=== Section Start ===

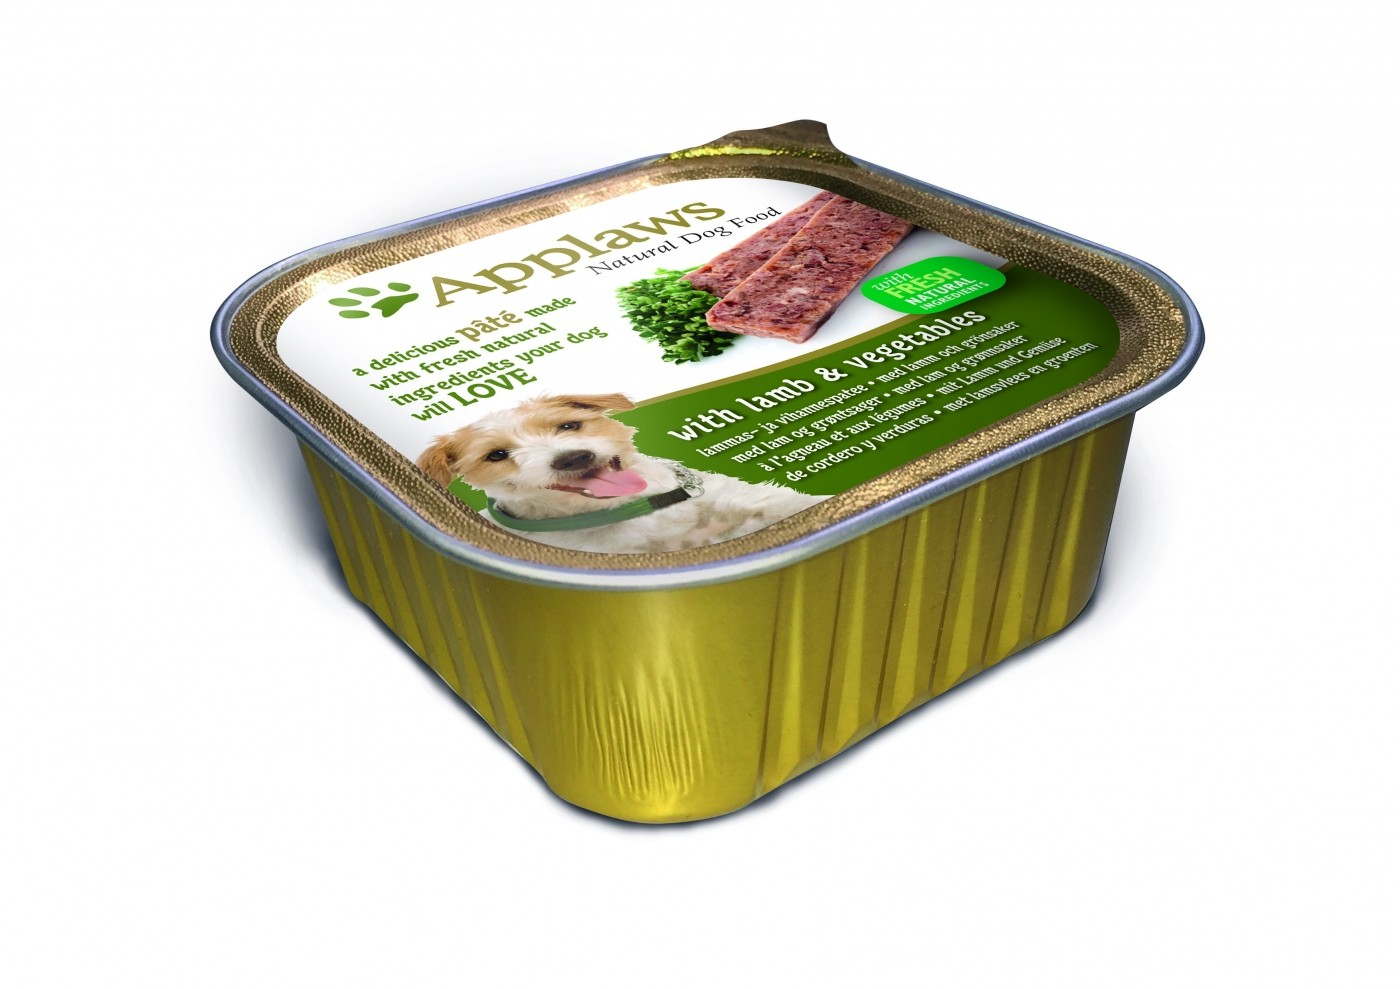 APPLAWS Paté natural para perros adultos 150g - 5 sabores
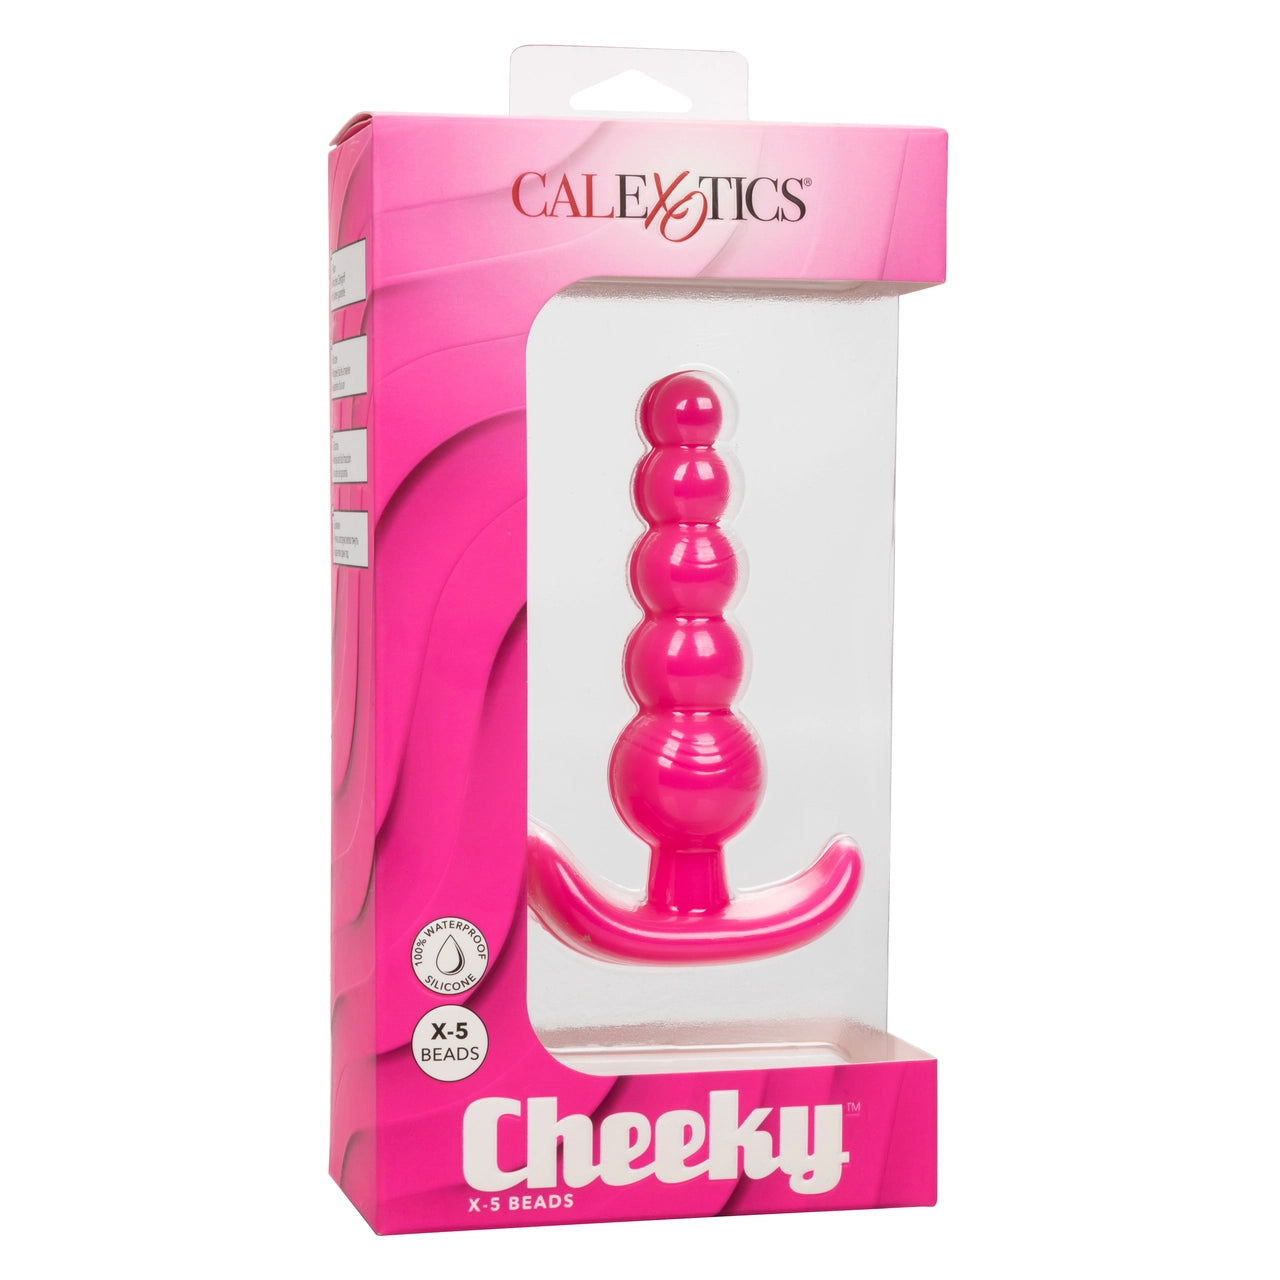 Pink cheeky plug packaging
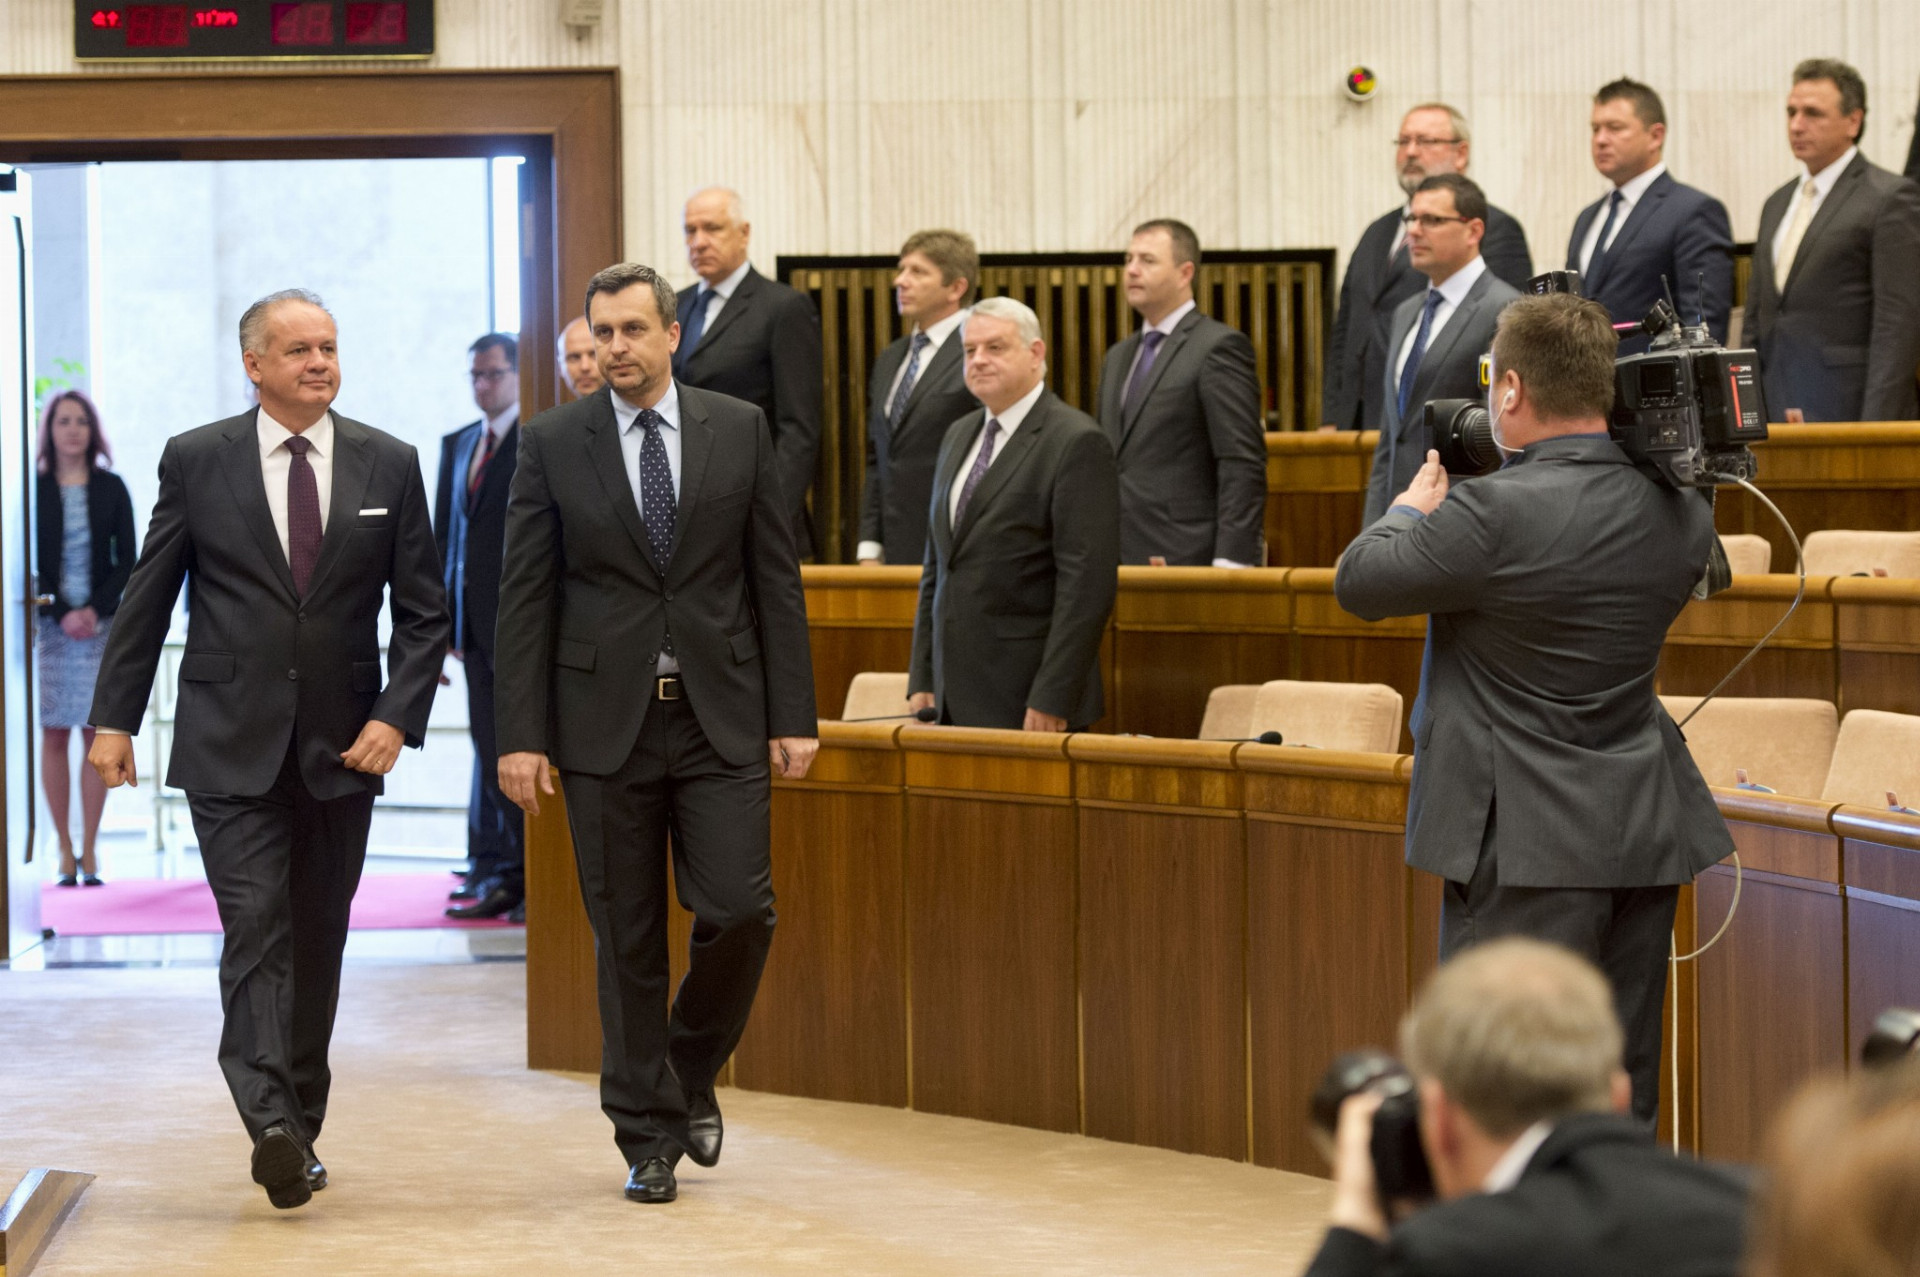 Andrej Kiska predniesol vo štvrtok v parlamente už druhú správu o stave republiky.

=== Section End ===

With the pictures set aside, write out the whole listing exactly.

Result for this exercise —
 APPLAWS Paté natural para perros adultos 150g - 5 sabores
 Pink cheeky plug packaging
 Andrej Kiska predniesol vo štvrtok v parlamente už druhú správu o stave republiky.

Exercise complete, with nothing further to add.